I would like to answer your queries. Please find below.
Case 1: When your Hard Drive is not showing up in disk management.
Method 1: See if HDD is showing up inside your BIOS
A lot of users have managed to get the issue resolved after discovering that they were, in fact, dealing with a hardware issue. If the SATA cable connecting your new HDD to your motherboard is partially broken, it might not pass your os requirements, so Windows will not show it inside the Disk Management Utility.
The same goes for a partially broken SATA port. A quick test to see if this scenario might hold true in your case is to access your BIOS settings and see if the new HDD is showing inside your BIOS settings.
Method 2: Deleting all ATA channel drivers with Device Manager
A couple of users encountering this particular issue have managed to fix it entirely after using Device Manager to delete all ATA channels from the IDE ATA/ATAPI controllers menu. This supposedly forces the Windows to search for all connected ATA devices again and re-configure them from scratch at the next system startup.
Method 3: Deleting the storage space that is using the HDD
As per various user reports, this particular issue can also occur if you used the HDD to create a common storage space. Some affected users have managed to resolve the issue after they deleted any storage space that was using the HDD from the Storage Spaces utility.
Storage Spaces are virtual drives that will appear inside your File Explorer as normal local drives. This feature works with ATA, SATA, SAS and USB drives and was introduced with Windows 7. It essentially allows you to group different types of drives.
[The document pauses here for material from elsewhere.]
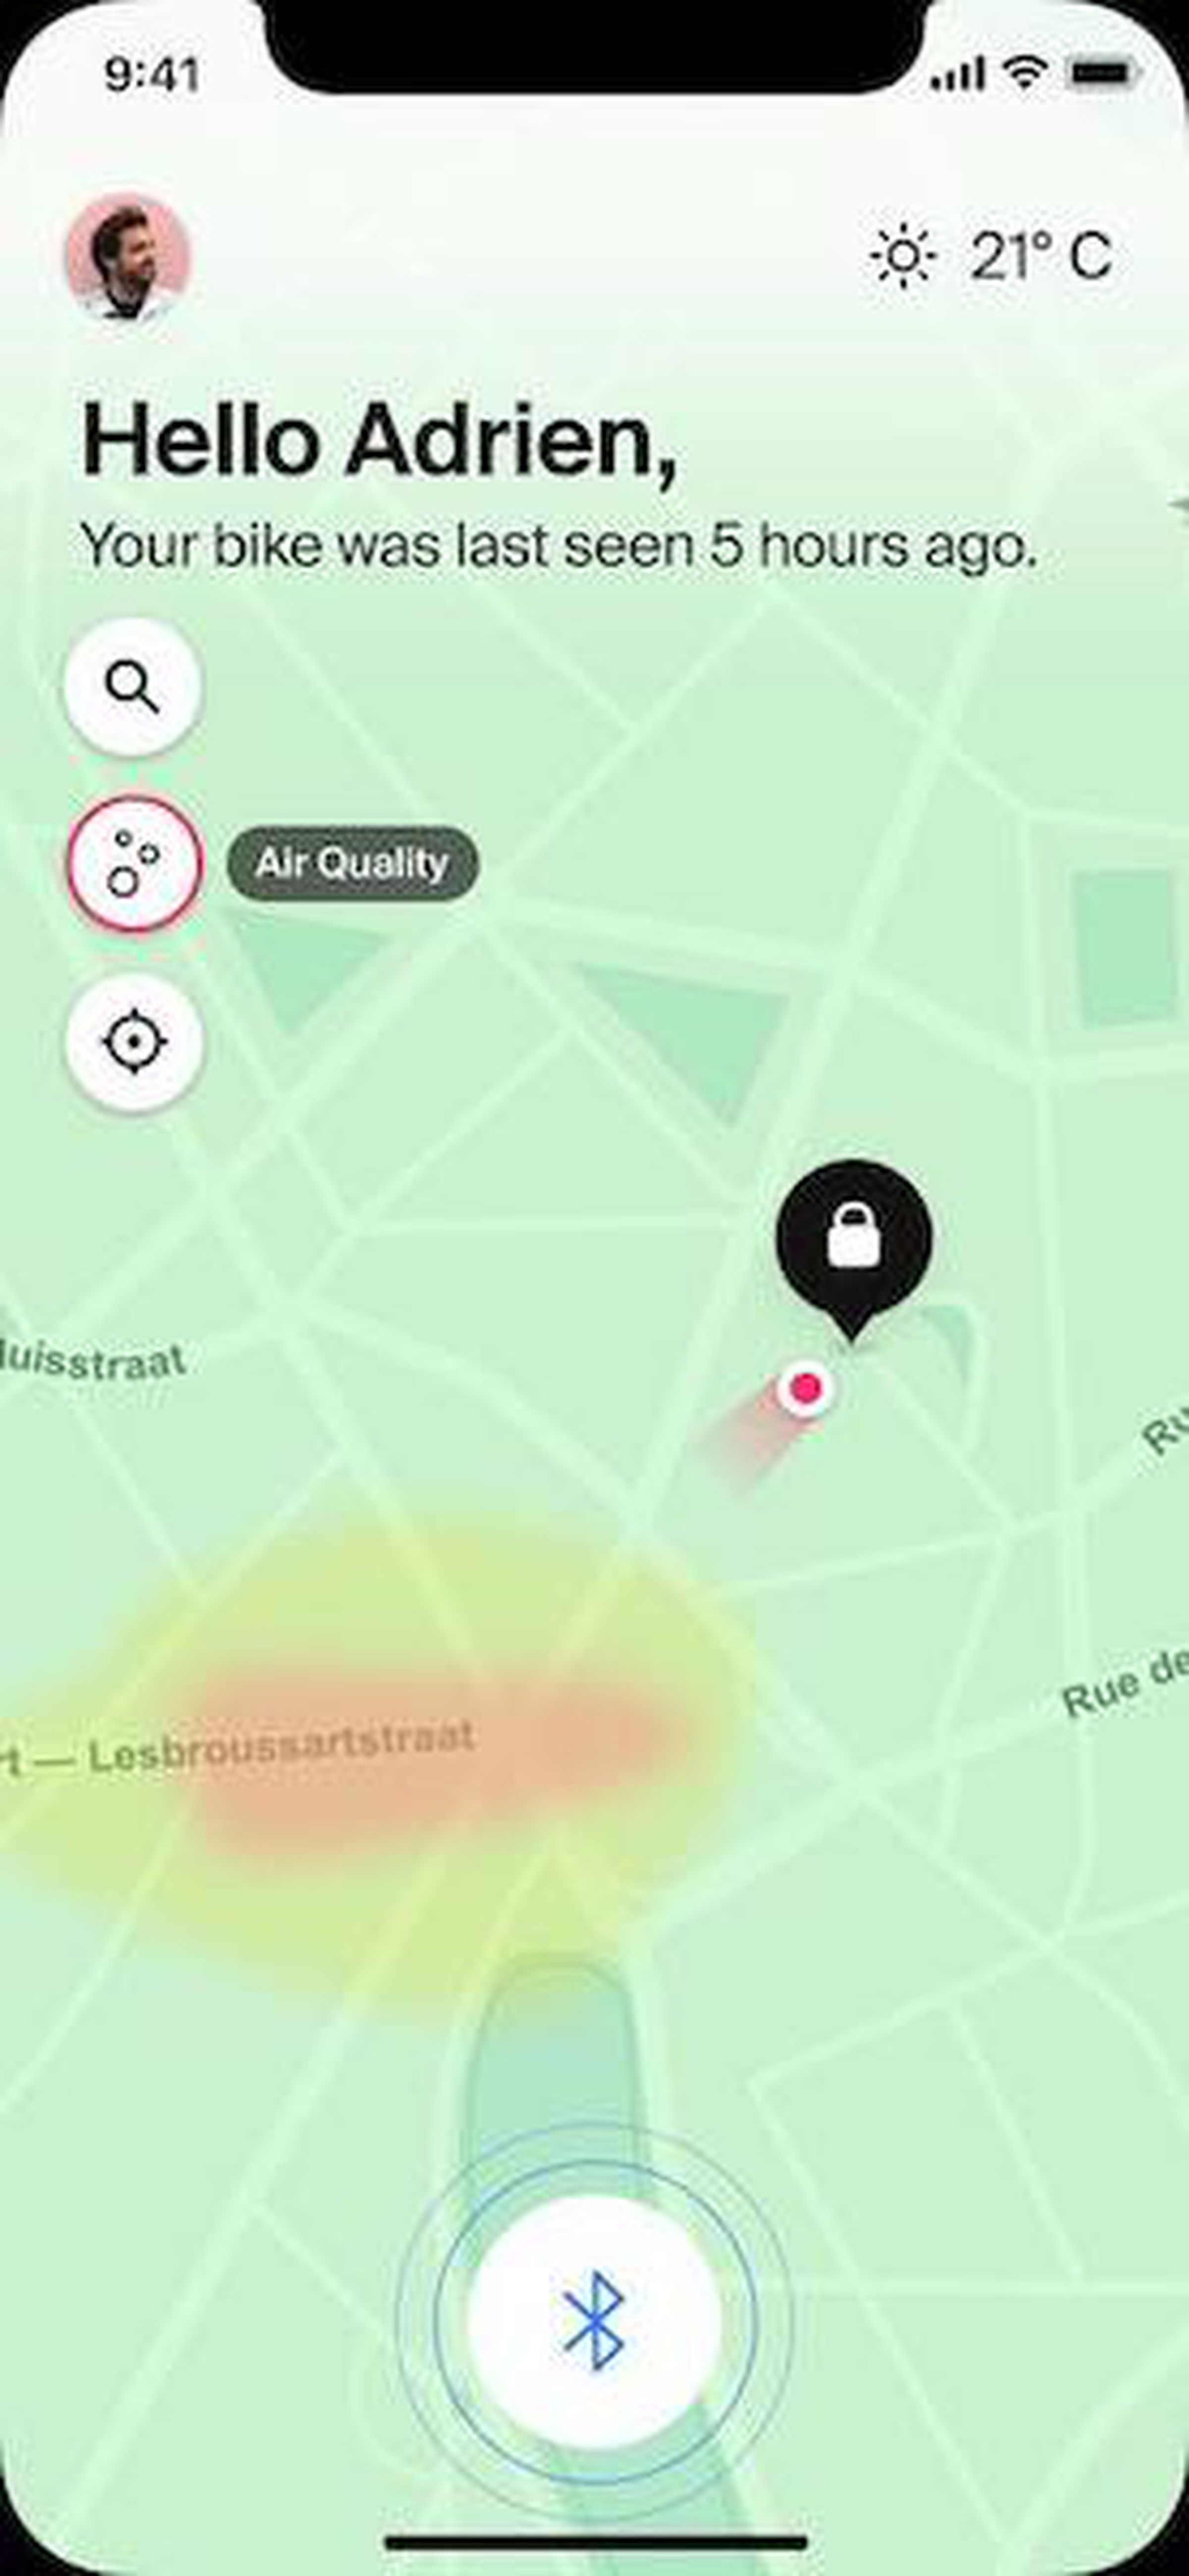 New feature will route you around areas of poor air quality.

Importing the foreign disk from Disk Management
The disk might not appear as a viewable partition inside My Computer or Disk Management because it is seen as a foreign dynamic disk by the system. Some users encountering the same issue have been able to easily rectify this by importing the foreign disk.
Format The Drive
Even if the drive appears to be partitioned, you are unable to access it. It’s likely using a different file system. * Disk Management is a program that lets you manage your hard drive.
- Select the drive, then right-click and choose “Format” from the menu.
- Choose FAT32 as your formatting option.
- You can choose your drive label, and you can uncheck the “Perform a fast format” option if you like.
- All data on your hard drive will be erased if you reformat it.
Case 3: When drive is not accessible.
Sometimes hard drives, external storage, and USB flash drives can be affected by viruses or power failures, rendering them inaccessible by Windows. If the disk has become corrupted in any way, reformatting the partition can be a quick fix. However, all data on that partition will be erased during the reformatting, which is a problem if you want to recover the data.
As the “Drive is not Accessible” error doesn’t allow you to open any files on the disk, you are not able to back up the data stored there. So, you’ll want to hold off reformatting the partition until your files are safe.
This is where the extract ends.